Bazen sokakta yürürken, kalabalığın içinde yüzlere bakıyorum. Kimisinin gözünde kırgınlık, kimisinin yüzünde yorgunluk, kimisinin de dilinde şikâyet… Ne garip bir hâle geldik. Kimimiz elindeki şansın farkında değil, kimimizse sınandığının. Sahip olduklarımızı görmezden gelip hep daha fazlasının peşine düşüyoruz. Mutluluğu hep bir adım ötede sanıyoruz.

Bir şeyler hep eksik gibi… Ama neyin eksik olduğunu da bilmiyoruz. Çünkü doyumsuzluğun içine düştük. Yetinmeyi unuttuk. Şükretmek, razı olmak, kabullenmek... Bunlar bize artık zayıflık gibi geliyor.

Kendimize yetemediğimiz gibi, başkalarına da huzur vermiyoruz. Hayatın içinde ne kadar öfke biriktirdiğimizin farkında bile değiliz. Sadece kendimize değil, sevdiklerimize de hayatı zorlaştırıyoruz. Oysa her birimizin sırtında görünmeyen yükler var. Belki bir sınav, belki bir kayıp, belki bir hayal kırıklığı...

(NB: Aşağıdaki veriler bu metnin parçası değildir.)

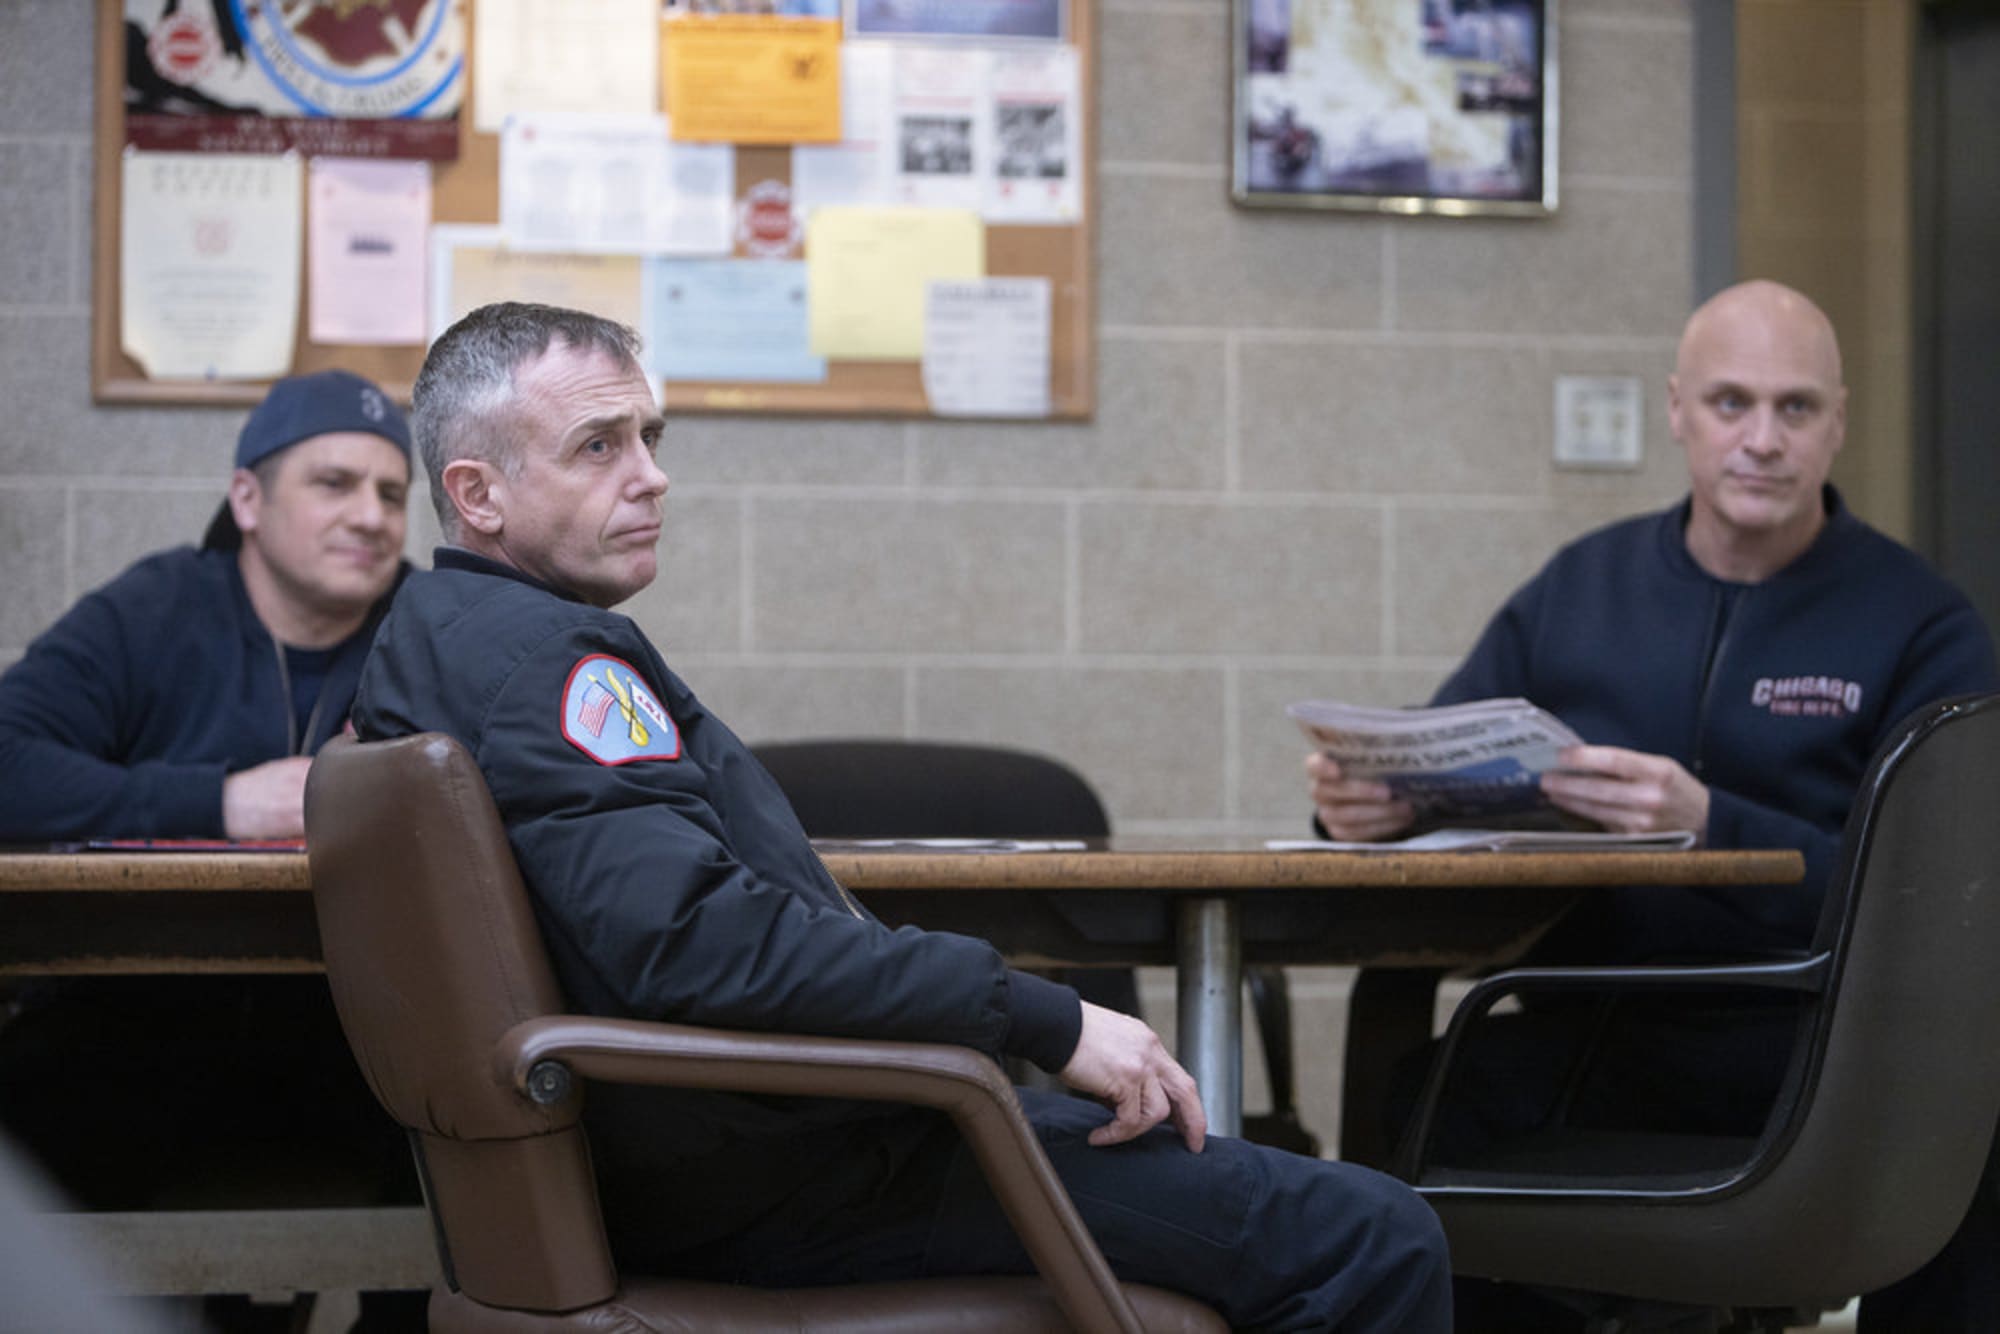 rerun of chicago fire halloween 2020 episode Chicago Fire Tv Schedule For April 2020 What S New And Reruns rerun of chicago fire halloween 2020 episode

Peki neden bu kadar çok başkalarının ne düşündüğüne takılıyoruz? Neden hayatlarımızı, başkalarını memnun etmek uğruna yaşıyoruz? Kendi mutluluğumuzdan vazgeçip, onaylanmak uğruna ruhumuzu yıpratıyoruz. Oysa yaşam bu kadar karmaşık olmak zorunda değil.

En büyük zenginlik, sade bir hayat sürüp huzurlu olmaktır. Kimsenin işine karışmadan, yargılamadan, kıyaslamadan yaşamak. Kendi iç sesini dinlemek. Hayatı sadece sahip olduklarınla değil, hissettiklerinle anlamlandırmak…

Hayat kısa. Ne kırılmaya, ne kırmaya, ne de her şeyi didiklemeye değecek kadar uzun değil. Gelin, biraz duralım. Bırakalım başkalarını memnun etmeyi. Biraz içimize dönelim. Kendimizi affedelim. Başkalarını da… Ve her şeyden önce, yetinmeyi hatırlayalım.

Çünkü bazen en büyük huzur, daha fazlasını aramaktan değil, olanla mutlu olabilmektendir.